Work instructions
Output only the lines below from the one holding "dd) Een combinatie" down to the one holding "METOD МЕТОД Высокий", both end lines included and every picture dropped.

Records provided
────────────────────────────────────────

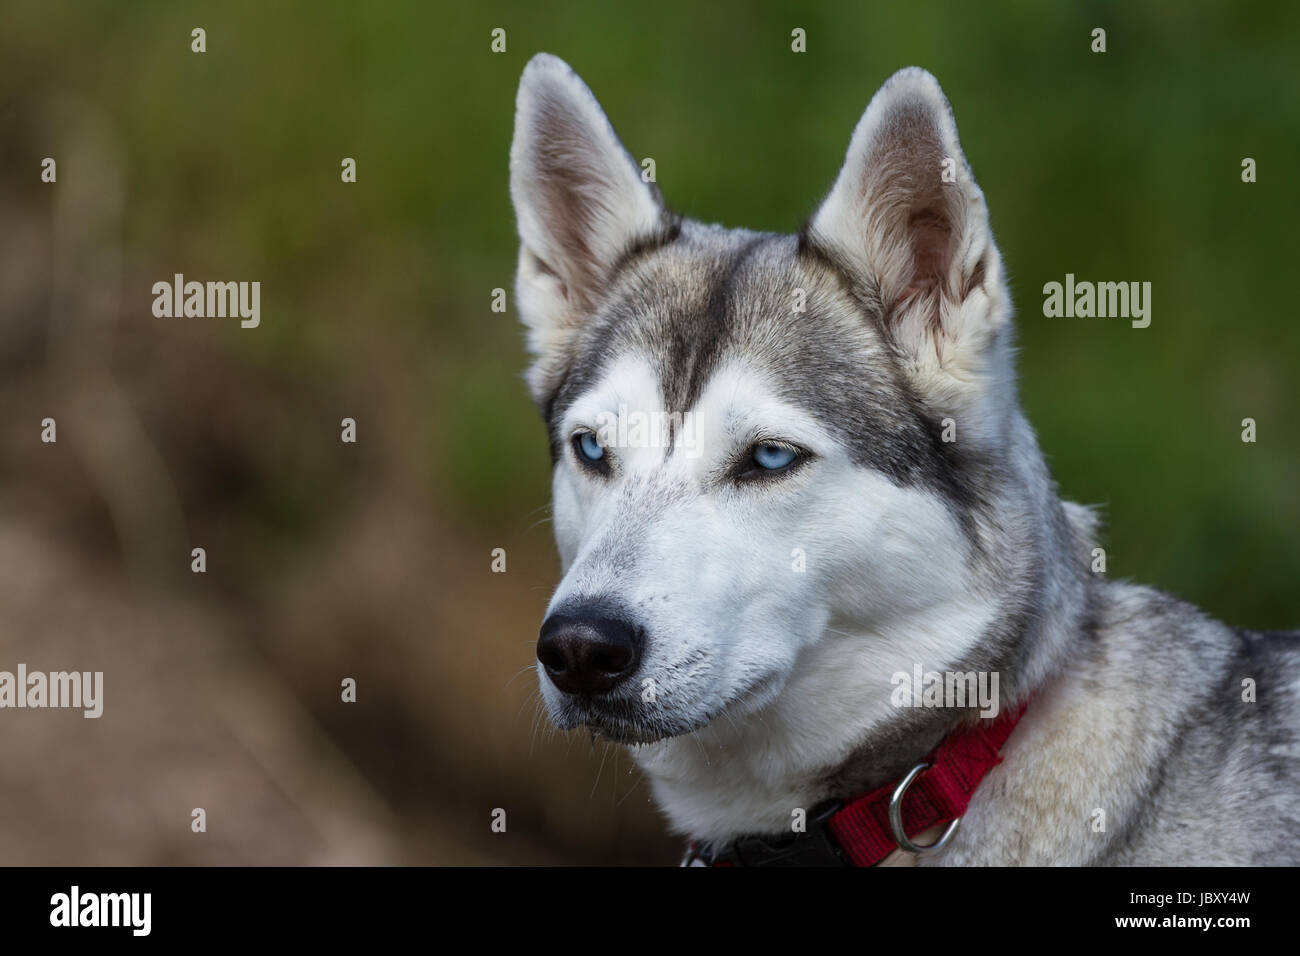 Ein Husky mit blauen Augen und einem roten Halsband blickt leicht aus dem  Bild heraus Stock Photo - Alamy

────────────────────────────────────────

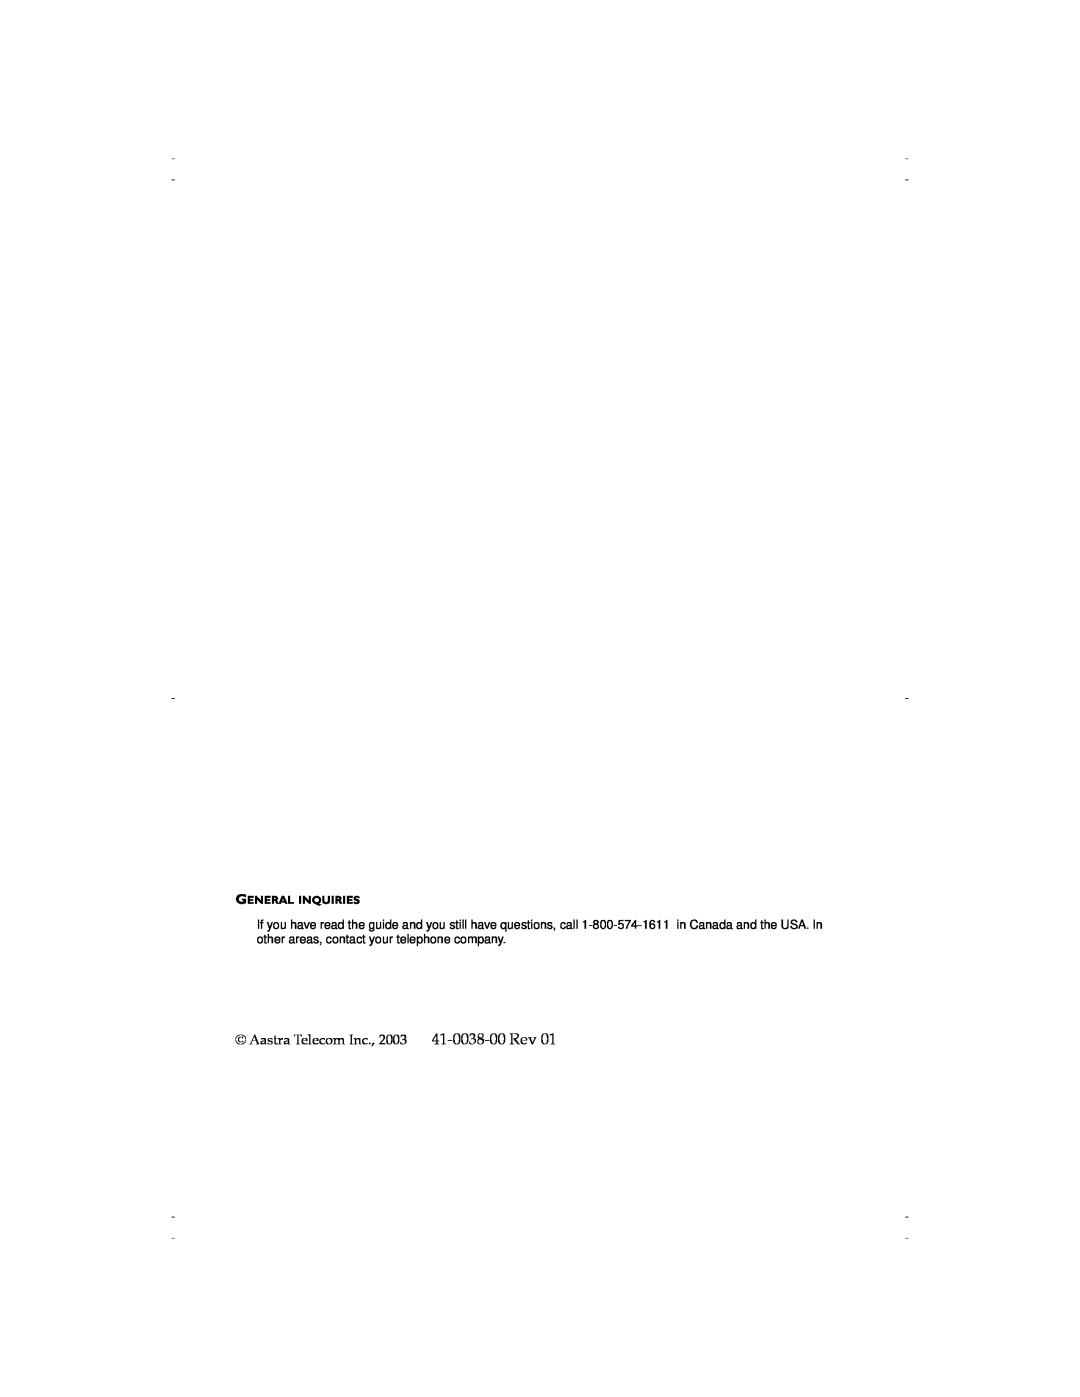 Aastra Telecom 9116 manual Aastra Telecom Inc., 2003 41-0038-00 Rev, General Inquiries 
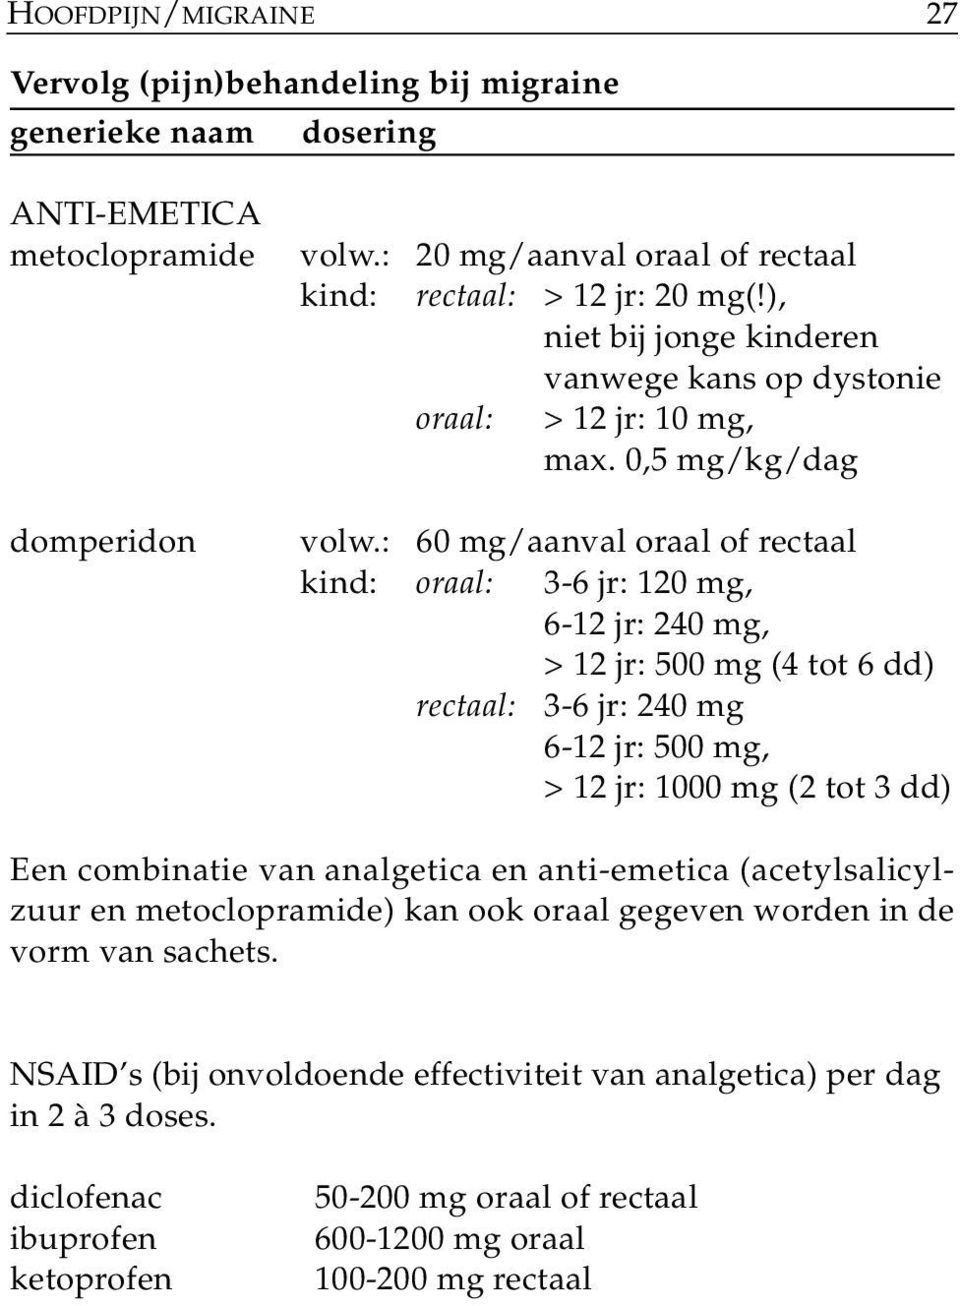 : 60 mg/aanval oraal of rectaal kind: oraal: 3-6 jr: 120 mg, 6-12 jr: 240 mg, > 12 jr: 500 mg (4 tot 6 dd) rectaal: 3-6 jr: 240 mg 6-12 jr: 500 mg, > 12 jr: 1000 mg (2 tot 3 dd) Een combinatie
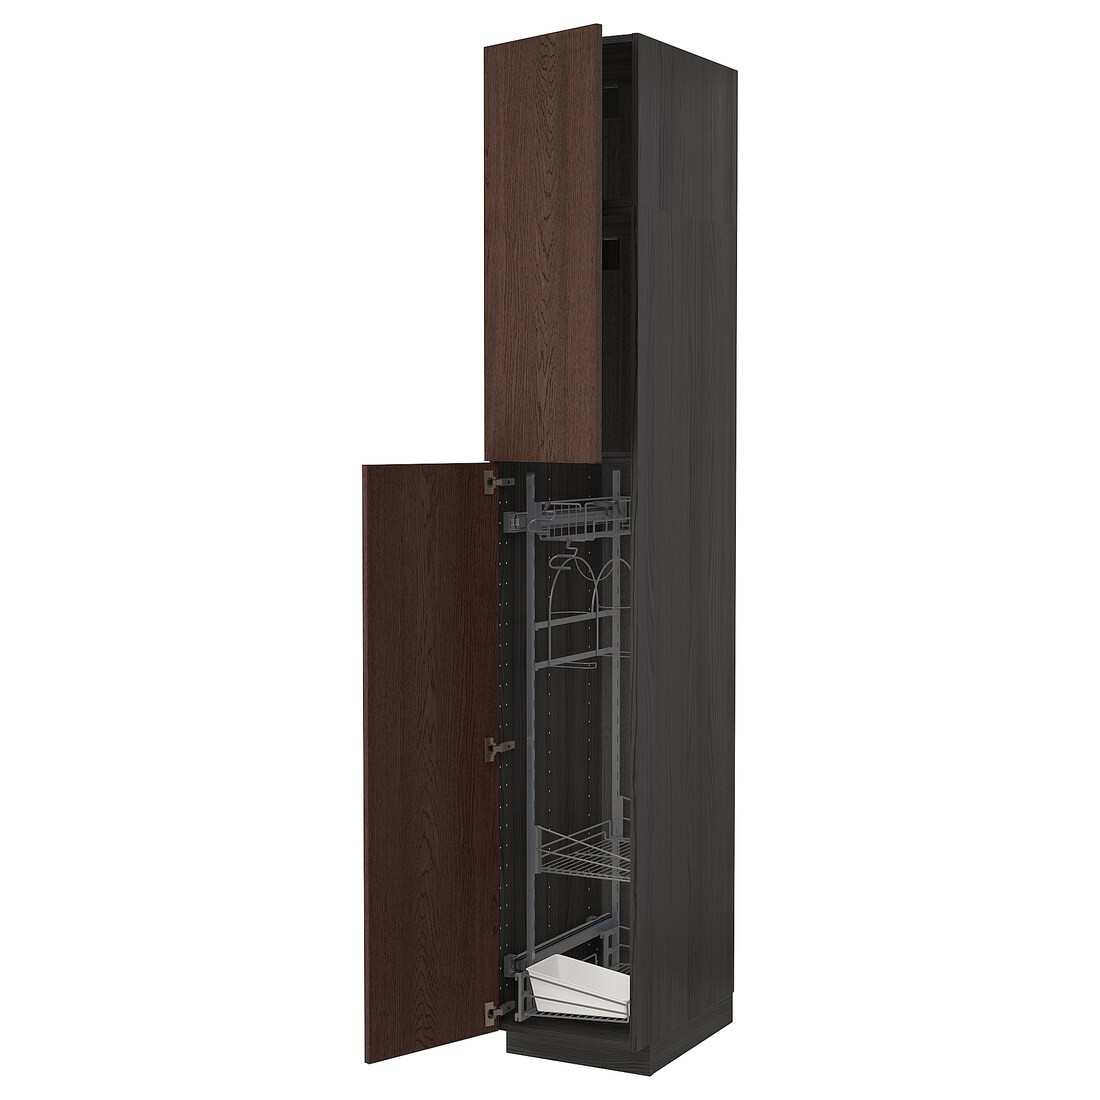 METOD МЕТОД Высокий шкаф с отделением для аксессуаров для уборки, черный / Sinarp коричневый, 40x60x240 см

────────────────────────────────────────

Solved problem
 : 60 mg/aanval oraal of rectaal kind: oraal: 3-6 jr: 120 mg, 6-12 jr: 240 mg, > 12 jr: 500 mg (4 tot 6 dd) rectaal: 3-6 jr: 240 mg 6-12 jr: 500 mg, > 12 jr: 1000 mg (2 tot 3 dd) Een combinatie
 METOD МЕТОД Высокий шкаф с отделением для аксессуаров для уборки, черный / Sinarp коричневый, 40x60x240 см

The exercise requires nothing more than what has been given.